* [PROBLEM STATEMENT]
Word for word, print out all of the data, omitting every image.

* [SOURCE DATA]
==========

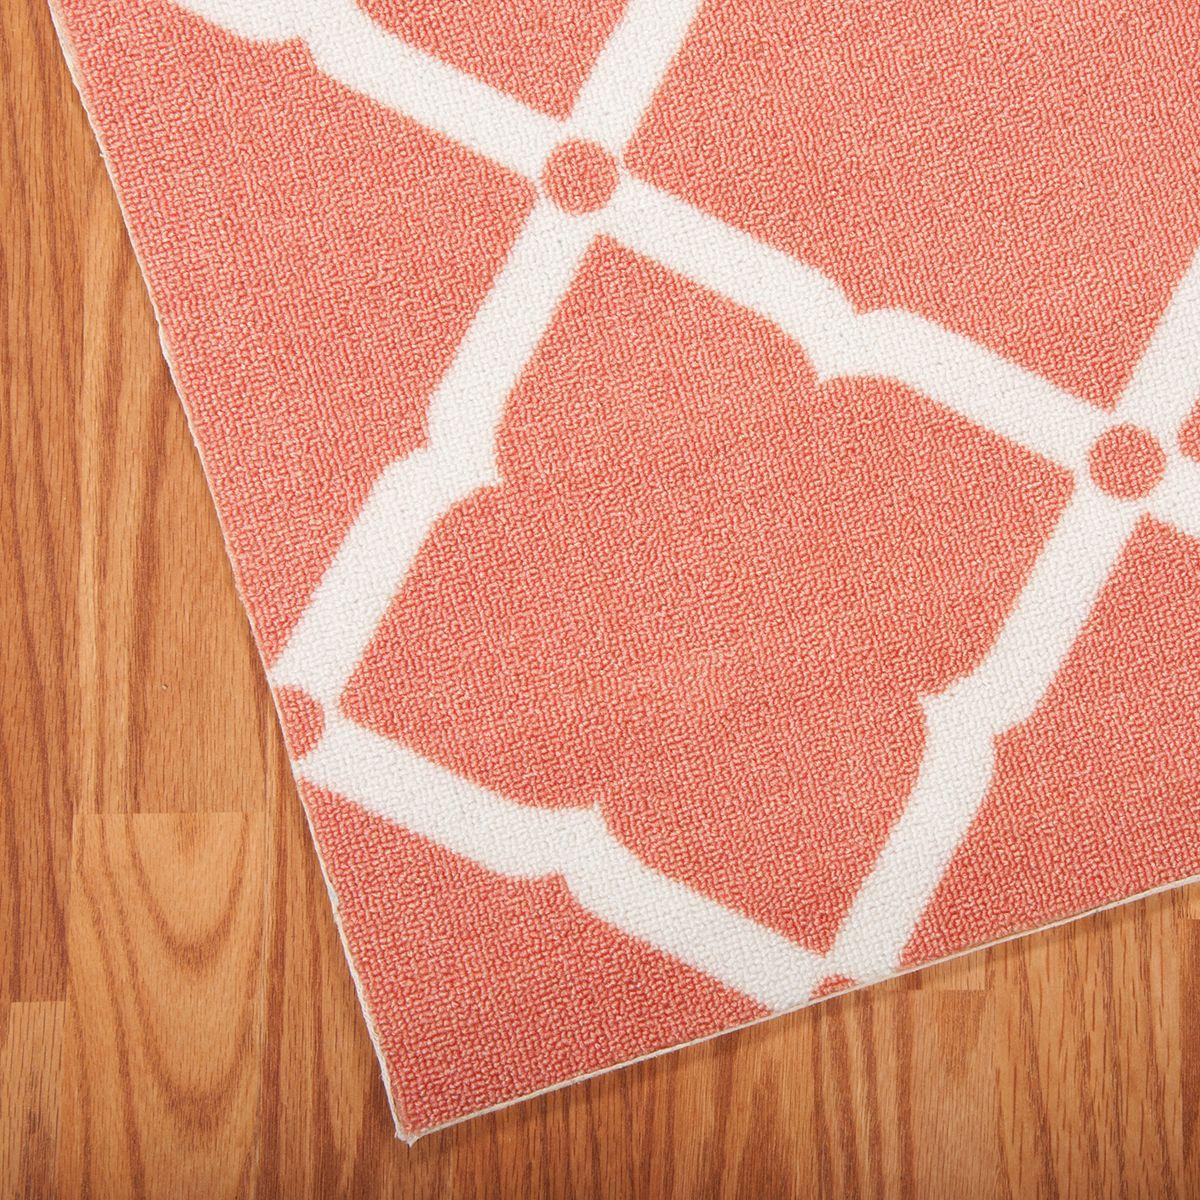 Nourison Home & Garden Diamond Lattice Indoor Outdoor Rug Orange HJChz
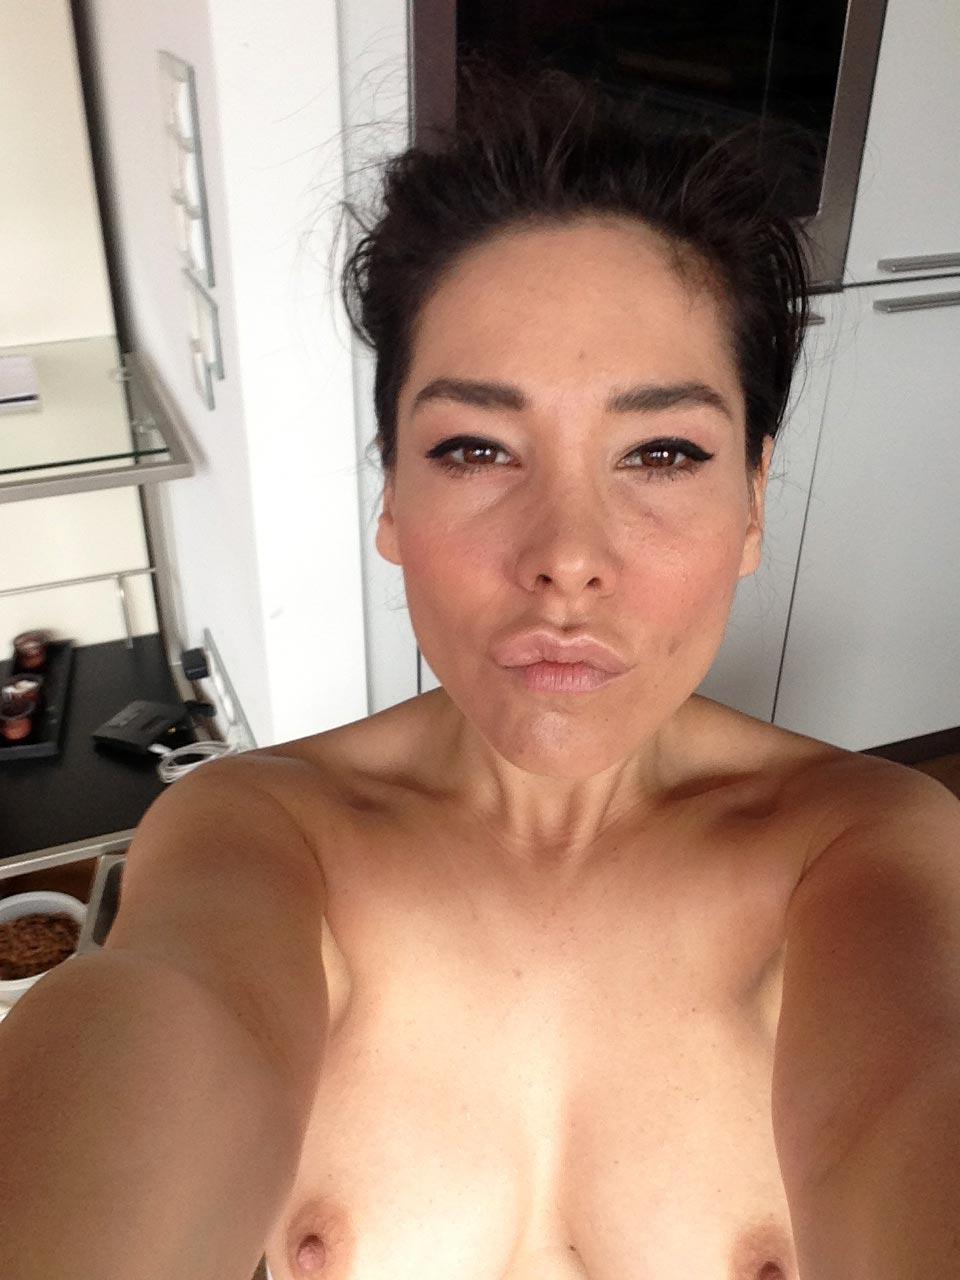 Leaked nudes of celebs
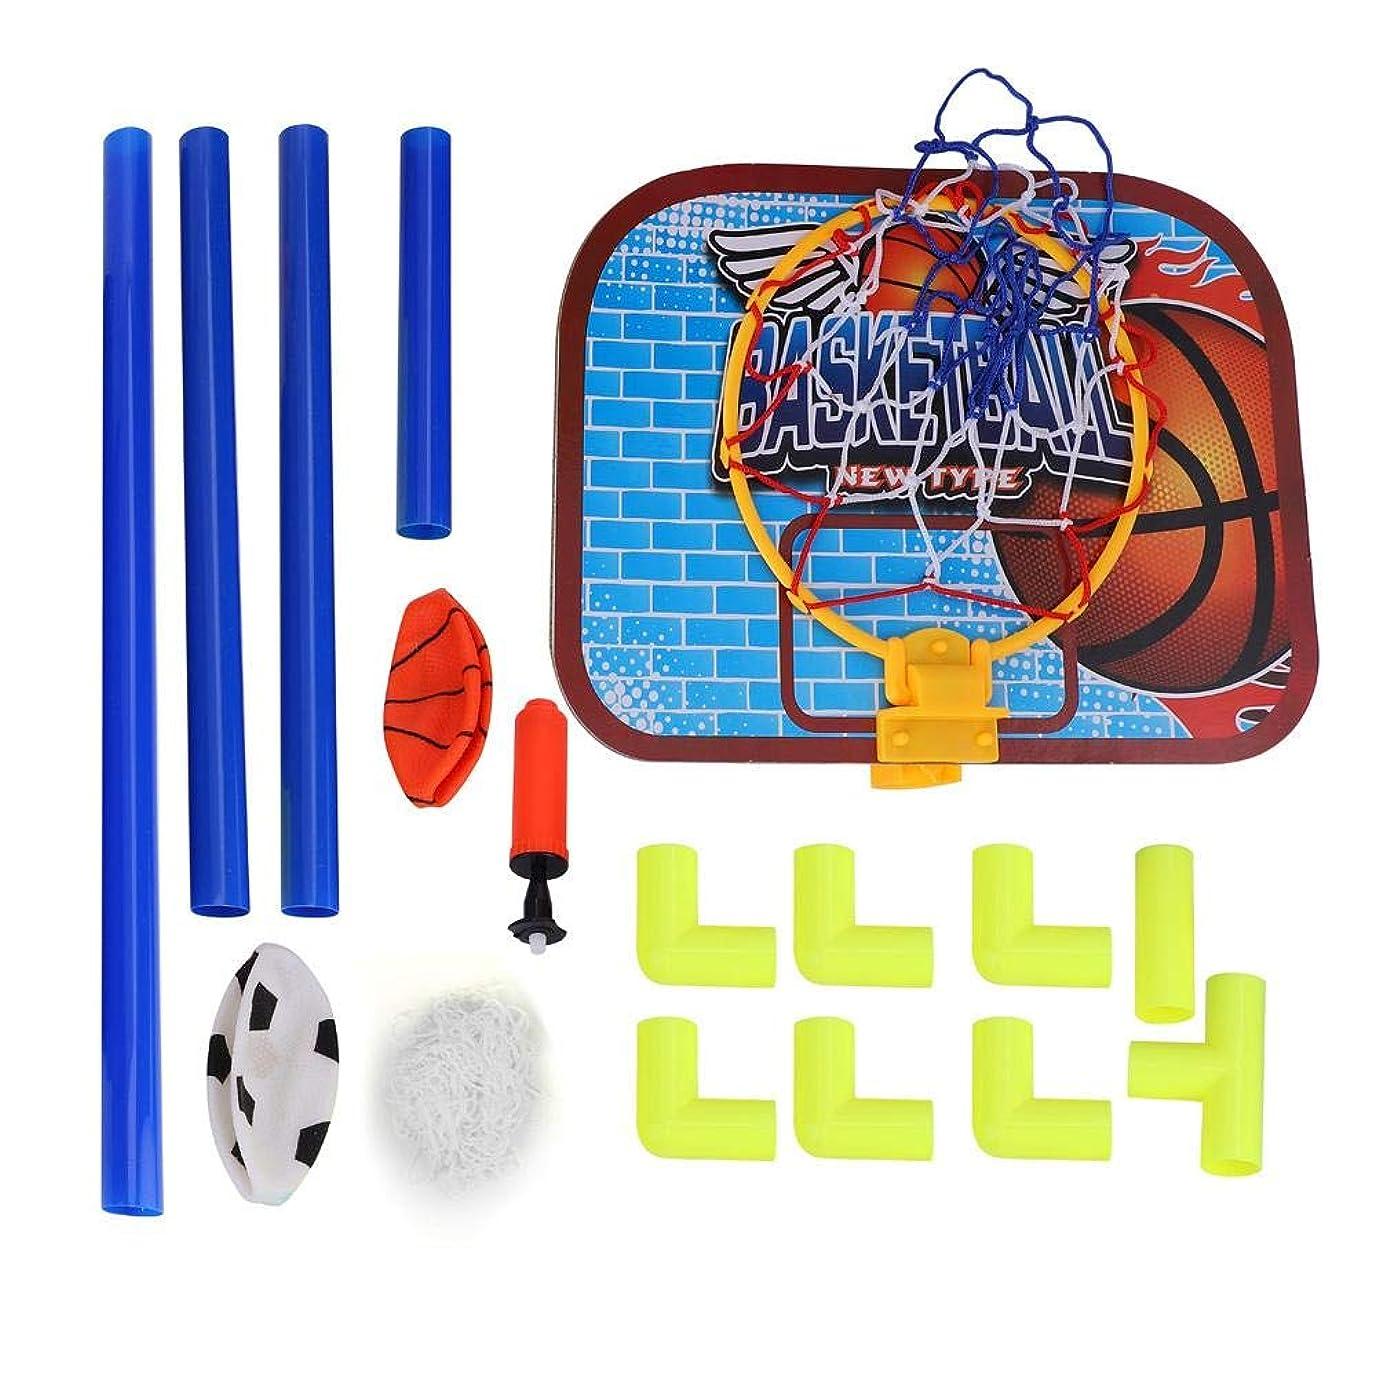 教師の日市町村すみません【2 in 1】サッカー&バスケットゴールセット 折り畳み 組み立て 移動式 簡易ゴール 子供向け 屋内屋外兼用 ポンプ付き キッズ玩具セット

==========

* [RESPONSE BOX]
 Nourison Home & Garden Diamond Lattice Indoor Outdoor Rug Orange HJChz
 Leaked nudes of celebs
 教師の日市町村すみません【2 in 1】サッカー&バスケットゴールセット 折り畳み 組み立て 移動式 簡易ゴール 子供向け 屋内屋外兼用 ポンプ付き キッズ玩具セット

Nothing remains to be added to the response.